I thought this was a great picture.  This was all that was left on the lot where mom's house used to be.  It holds a lot more meaning than just a cool tractor picture.


Well, mom's been talking to me about it for years, but this year we finally did it.  I went with mom on her sentimental journey.  She takes it every year, but this is the first year I went along.

The nice thing about it is that I finally got to see the places I've heard so much about over the years.  Her high school, which was this amazing old building that was a K-12 school when she went there.  It honestly looked like an old college.  I got to see the homes she lived in growing up, which in one case was just an empty lot with a tractor and wildflowers on it.  I took a picture of it, and it's one of my favorite from the trip.  We went by the  house I grew up in, and it was so much smaller than I remember.  Cliched, but true.  I also got a picture of the Carter house, my neighbor that I actually remember from across the street.  She loved me and used to buy me things all the time.  I was four the last time I saw her.
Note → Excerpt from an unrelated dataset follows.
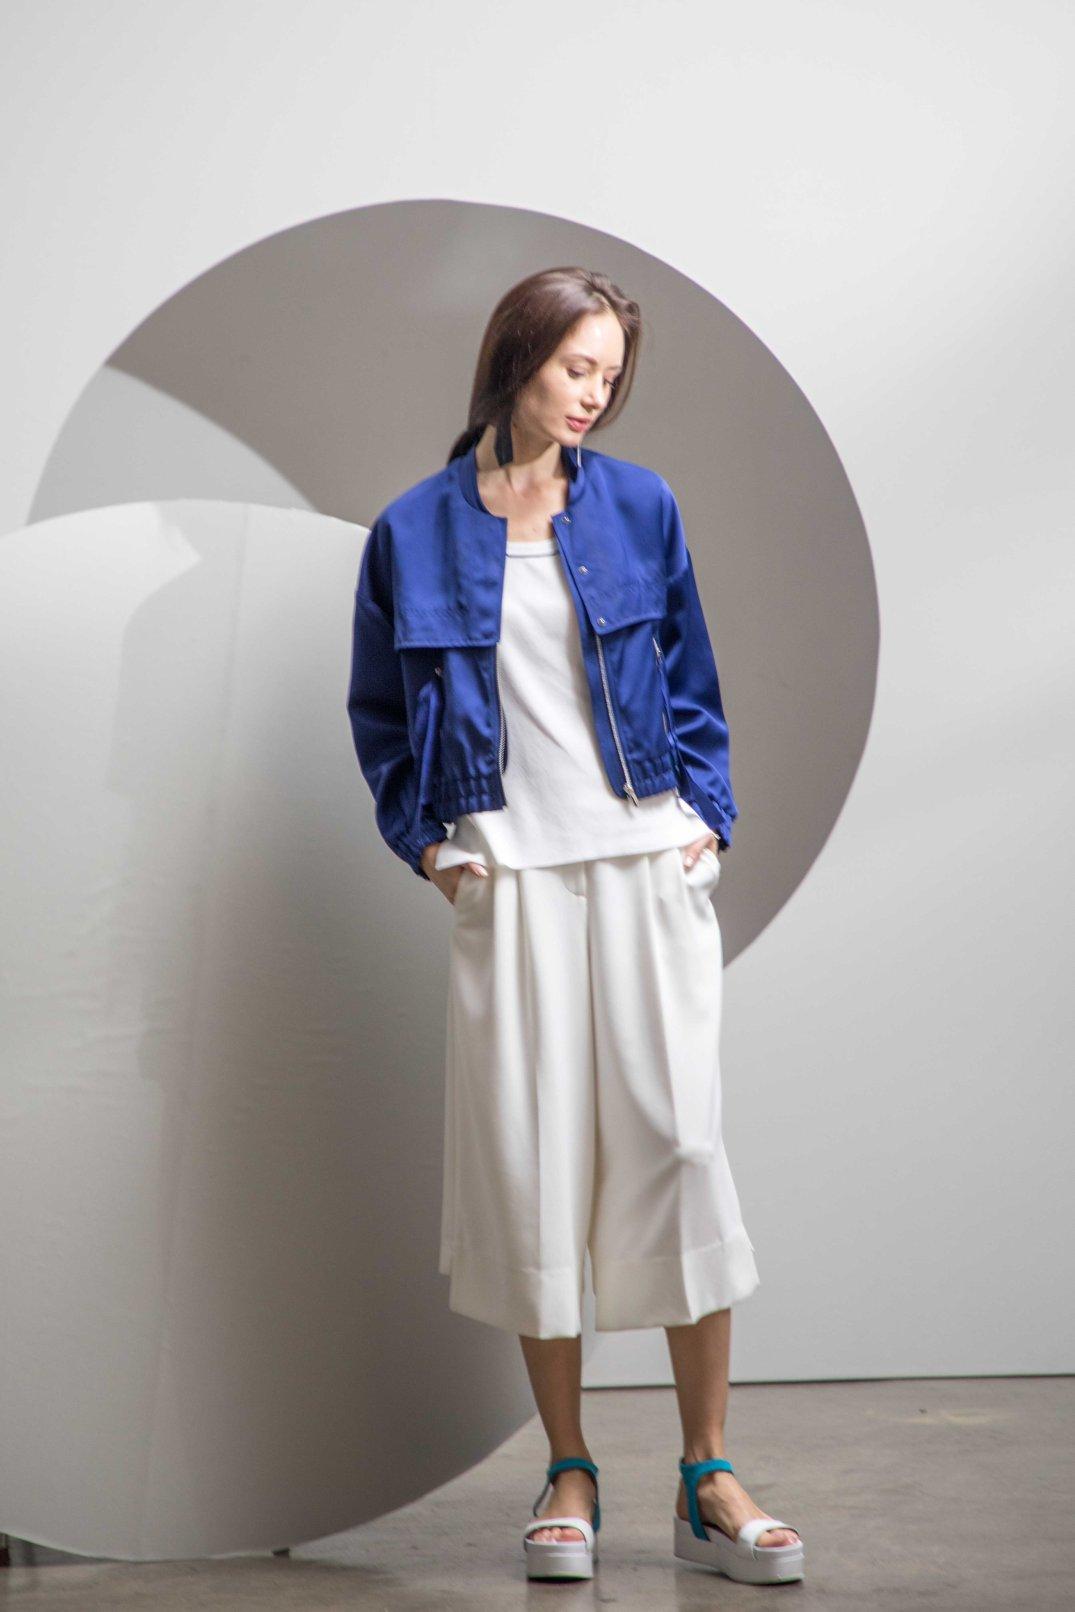 時裝服裝攝影 fashion Photography_-5

The funnest time, though, was going to Uncle Rex and Aunt Joyce's house.  He's my mom's older brother, and the only member of her immediate family left.  He was a riot, and I had forgotten how funny he was.  It's been 20 years since I'd seen him last, and I'm sad about that.  He and Aunt Joyce are salt of the earth people.  Straight forward, with lots of common sense and hard work.  And, he's brilliant. Truly.  He really is, but you'd never know it.  He sees no need to flaunt it.  I love that about him.

I was talking to him and telling him how much I missed the path that led between his and my mamaw's house.  There's a fence separating the houses now, since my mamaw passed away many years ago.  He looked at me and said, "Now hon, those days are gone!  There's no need to pine away for that."  That statement struck me with the matter-of-fact, common sense-ness of it all. But that's the way he is.

It was mom's sentimental journey, but so much more for me I think.  It's nice to have roots and to be reminded of all of those who invested in me and our family.  But that's all it is.  It's a reminder to keep me grounded and focused, because after all:  "Those days are gone!"  I'm so glad I got to live them, though.